5 Things You Need to Know About Golf Conditioning Programs

1. Proper Warm-Up

Before beginning any golf conditioning program it is imperative to warm up properly to get the blood flowing and prevent possible injury. The warm-up should be about 15 to 20 minutes in duration. For the golf conditioning program it is best to use some warm-ups designed for the specific muscles used in golf. Examples of these types of exercise are medicine ball swing, lunges with hip rotation, and trunk twists.

2. Cardiovascular Fitness

A common misconception is that you do not have to be in good cardiovascular condition to play golf. Most people look at golf and say, "Well, all you do is walk around and hit a golf ball, why would you need iaerobic training in a golf conditioning program?" While there is not a need to run when a person plays golf, studies by Mr. Myers of the PGA National Resort & Spa show that "golfers with lower levels of body fat had greater mobility through the hips, allowing them to generate greater club head speed at the point of ball strike."

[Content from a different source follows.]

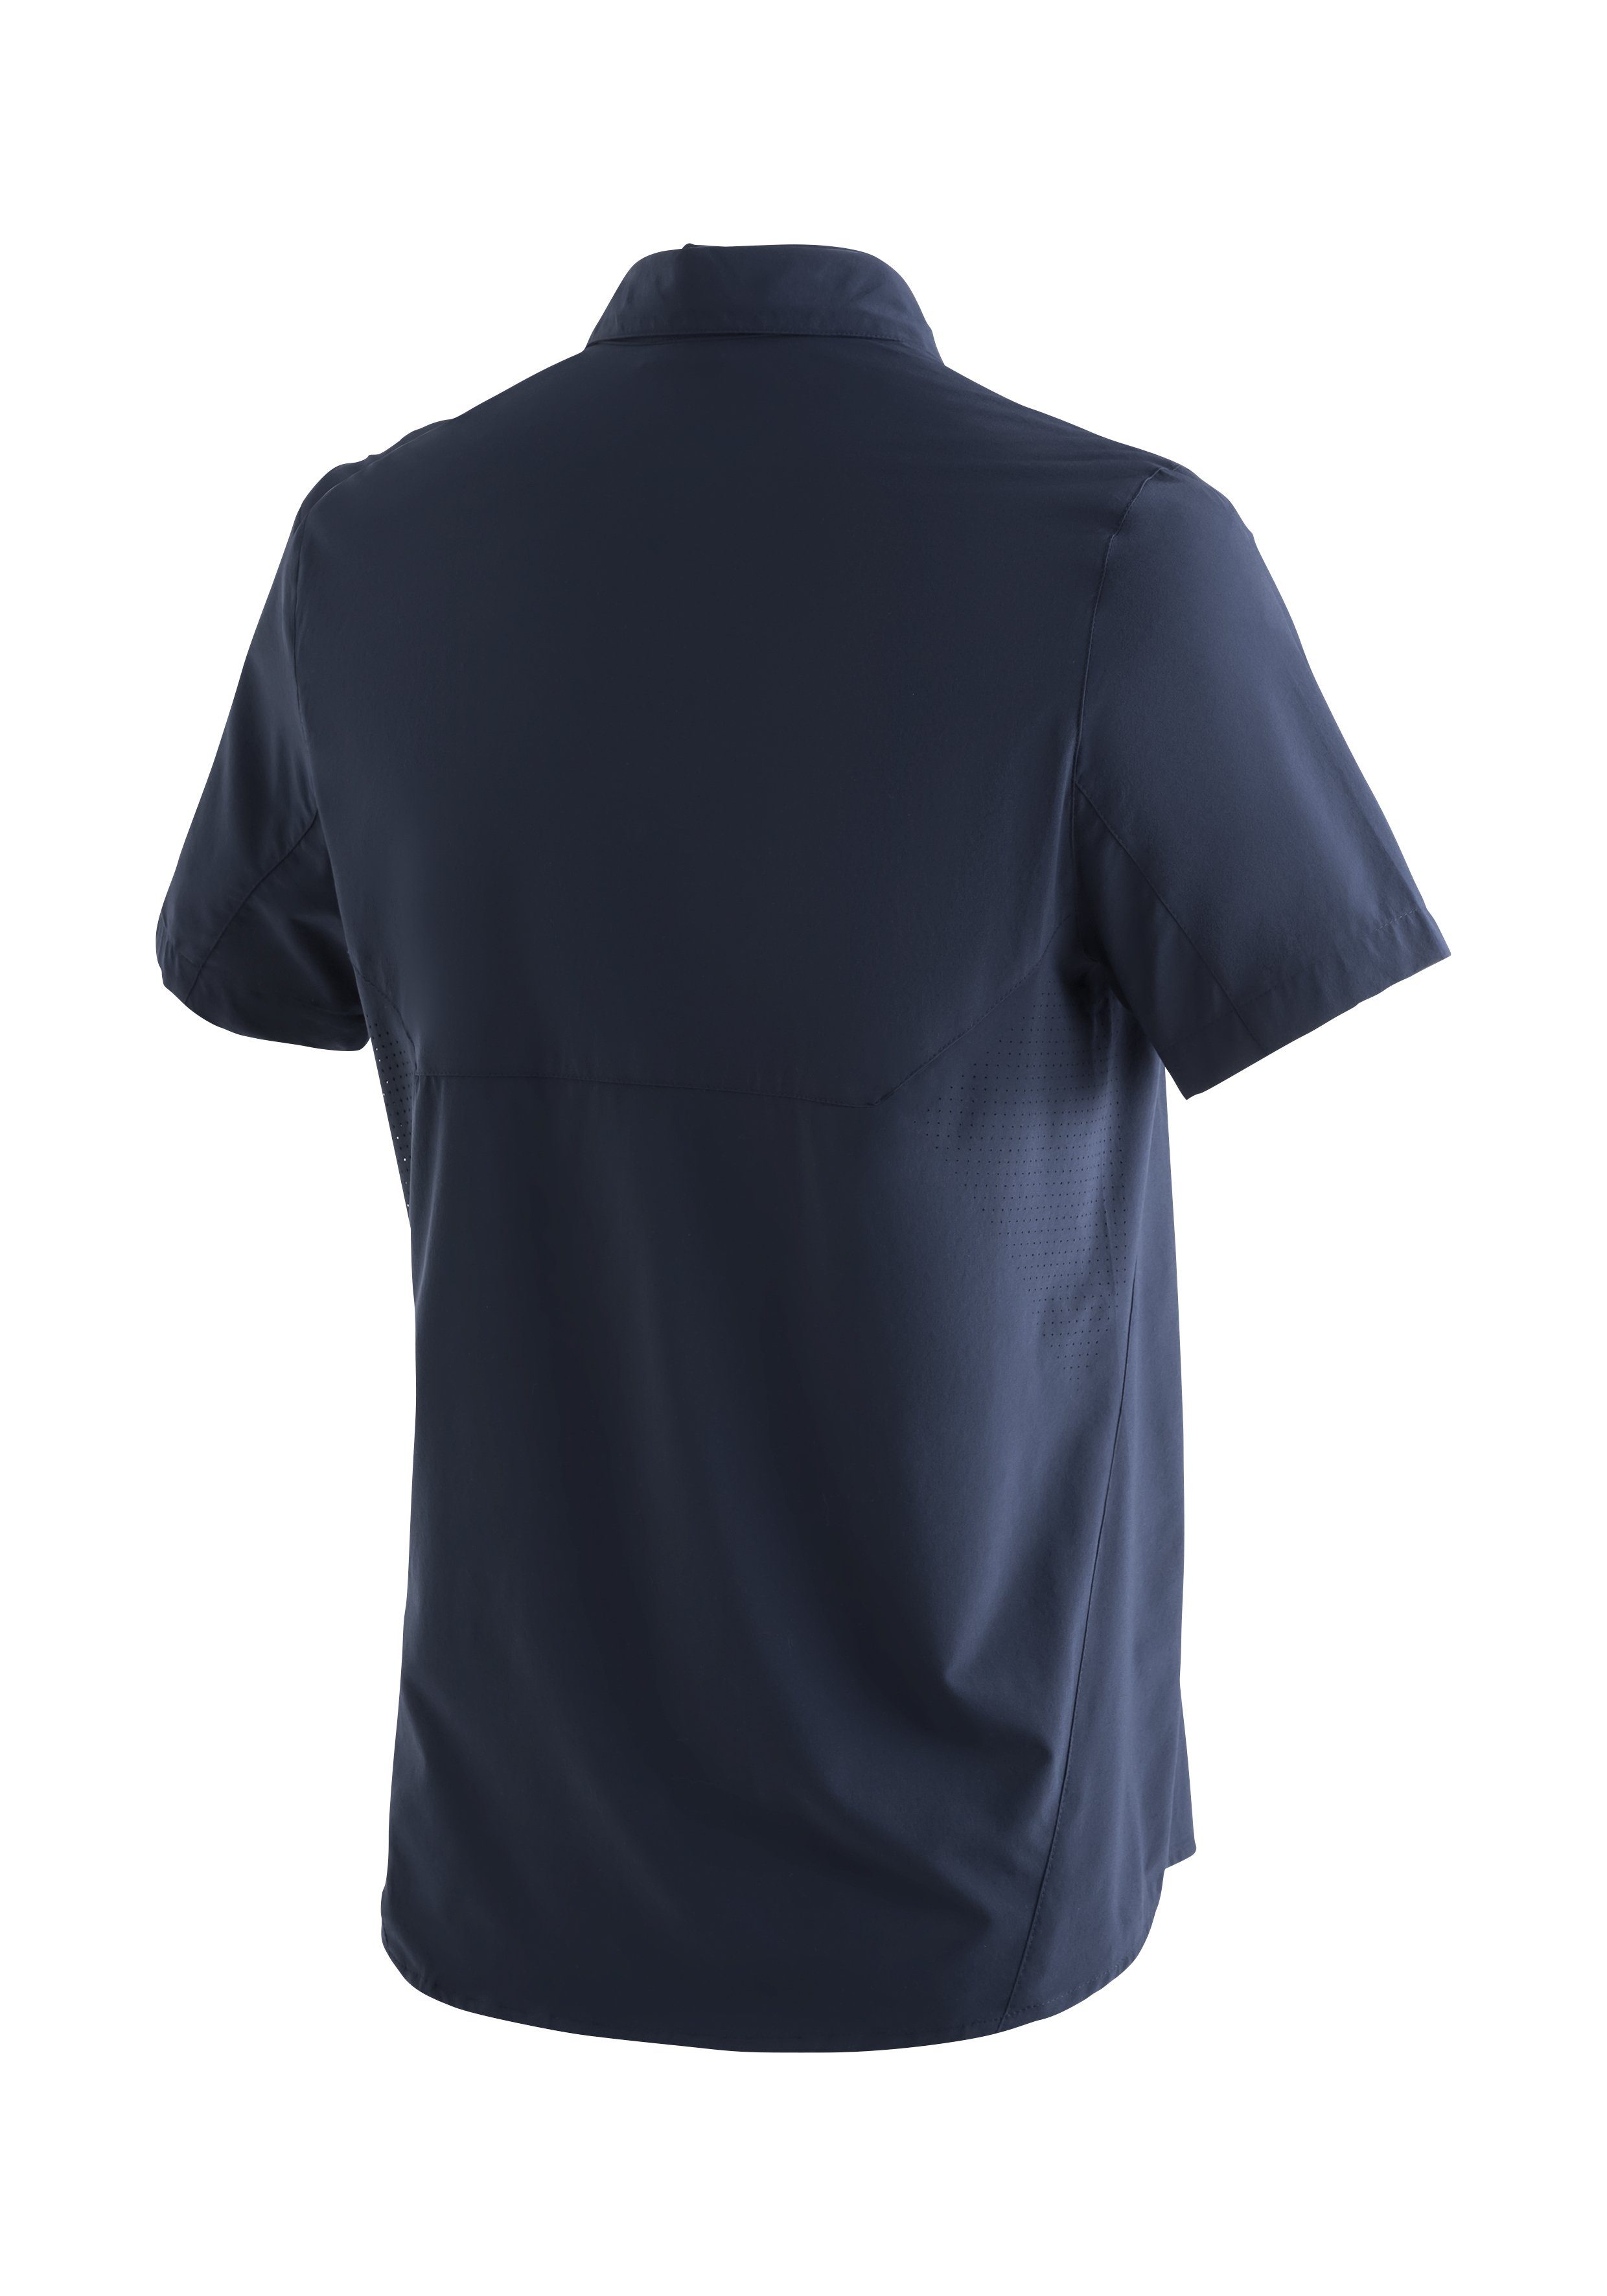 Sinnes Sports MS/S Funktionshemd Maier Trekkinghemd mit elastisches Tec Leichtes, Sonnenkragen dunkelblau

3. Your Swing Requires Flexibility

Incorporating flexibility into a golf training regimen not only increases overall health by facilitating blood flow, but it allows the golfer to strike the ball better and maintain swing consistency throughout a round of golf. In any conditioning program for golf, stretching and flexibility exercises are necessary. The torque and force of a golf shot dictate that the body be able to move fluidly and evenly through the entire golf swing.

4. Injury Prevention

When you formulate a conditioning program for golf it should not only prepare the body for the rigors of the sport, it should help prevent injuries. Some of the common areas susceptible to injury in golf are the back, knees, hips, ankles and hands. So when you are putting together or choosing a golf conditioning program select one that concentrates on these areas of the body.

5. Train in Moderation

Sometimes the mindset of golfers undertaking a conditioning program is that the more they train the better. If you do this, it will lead to overuse injuries and do more harm than good. You should take at least a day off in between conditioning days to let the body recuperate from the intense workout. In addition, a golfer should ramp up the training and not start a difficult training regimen if not iin proper physical condition. Start out slowly and then move on to more intense and difficult training once the body adjusts to the new conditioning program.